This will be my judgment: Pav, read no further until you’ve posted your own . . .
. . .
i feel as though the debate was a draw, here’s why:
The topic itself raises two seperate questions:
First, do repression and coercion work for providing social stability? (Tab’s primary focus)
and
Second, ought repression and coercion be used in the first place? (this would be the “for and against” question - Tent’s primary focus)
- So, right off the bat, we have our two participants in the debate focusing on seperate issues, and in the ensuing confusion little (beyond what we already knew going in) is actually resolved.

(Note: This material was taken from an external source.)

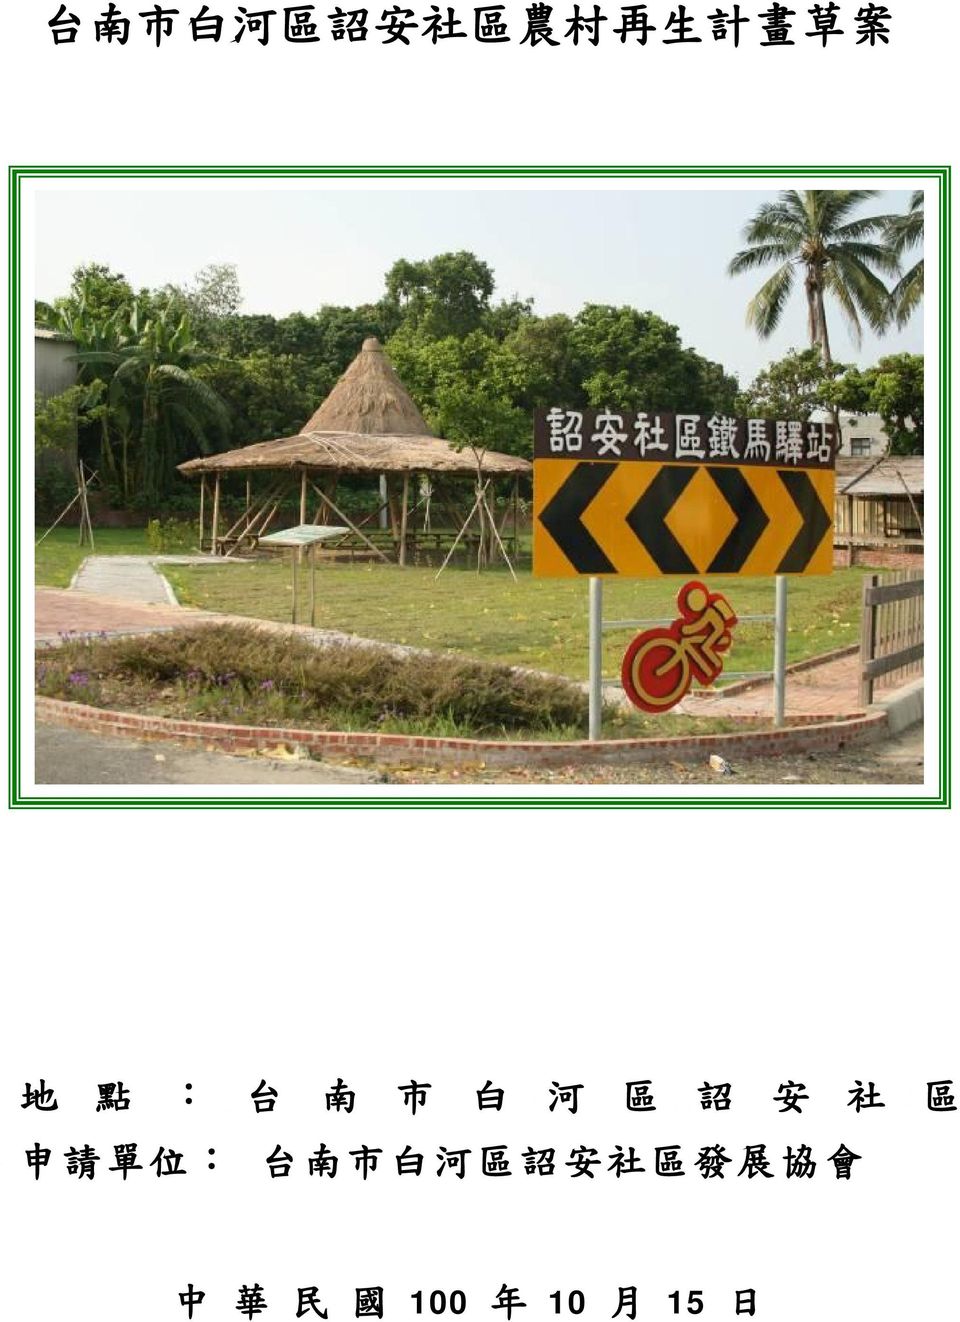 區 申 請 單 位 : 台 南 市 白 河 區 詔 安 社

Tab argues that repression and coercion work to provide the aforementioned social stabilty, at least for finite, though sometimes quite extended, stretches of time. Here, he seems to have the good fortune of arguing for the self-evident in that regard. Though he does so with his usual verve and wit (and cool little visuals), there is no escaping the fact that he is simply pointing out the obvious. Even Tent agrees with the basic point here. Now, Tab, as we all know, is a wiley enough debater not to stop there. He goes on to make the very interesting assertion that periods of repression are actually beneficial for societies in transition because they weed out the dross from the pool of potential up and coming leaders,
- Quite a fascinating proposal, but, here, he does not have the advantage of arguing what is already readily apparent, and, imo, fails to persuasively demonstrate his theory beyond simply stating how it might work if it were true, leaving the impression that it’s just a cool, clever idea he thought up over a bowl of wheatabix and camel-milk one morning, rather than something he actually knows to be the case. As for coercion, he again points out the obvious (as he very well should) when he talks of the need for recognized, legitimate enforcement of social rules and the essential role it plays in society as we have come to understand it, but does not make the case for the more extreme forms of coercion (brutality and systemic killings, say), or how those might be any more likely to stabilize, rather than destabilize, a given society.
Tent, for his part, acknowledges that both repression and coercion as described by Tab can work, for finite periods of time - but rightfully points to the perennial, social crash-and-burn that we see occuring throughout the history of highly repressive regimes, and so posits that it is time for an alternative approach. Reasonable enough, but he fails to really make the case, or to demonstrate the ways in which such boom-bust cycles might be maladaptive. Instead, he talks in vague terms of “restraint”, saying:
He fails, however, to demonstrate this, even admitting that the idea (as appealing as such a paradigm-shift might seem for many of us) finds little creedence historically. So, ultimately, he’s just doing what Tab did: making stuff up to suit his position. It’s good stuff, granted, but he doesn’t really develop it enough to be fully persuasive.
So, in the end, we basically have Tab and Tent kind of talking past one another: Tab making an empirical argument while Tent makes a moral one - and, alas, IMO, neither actually makes a fully developed case FOR or AGAINST repression and coercion.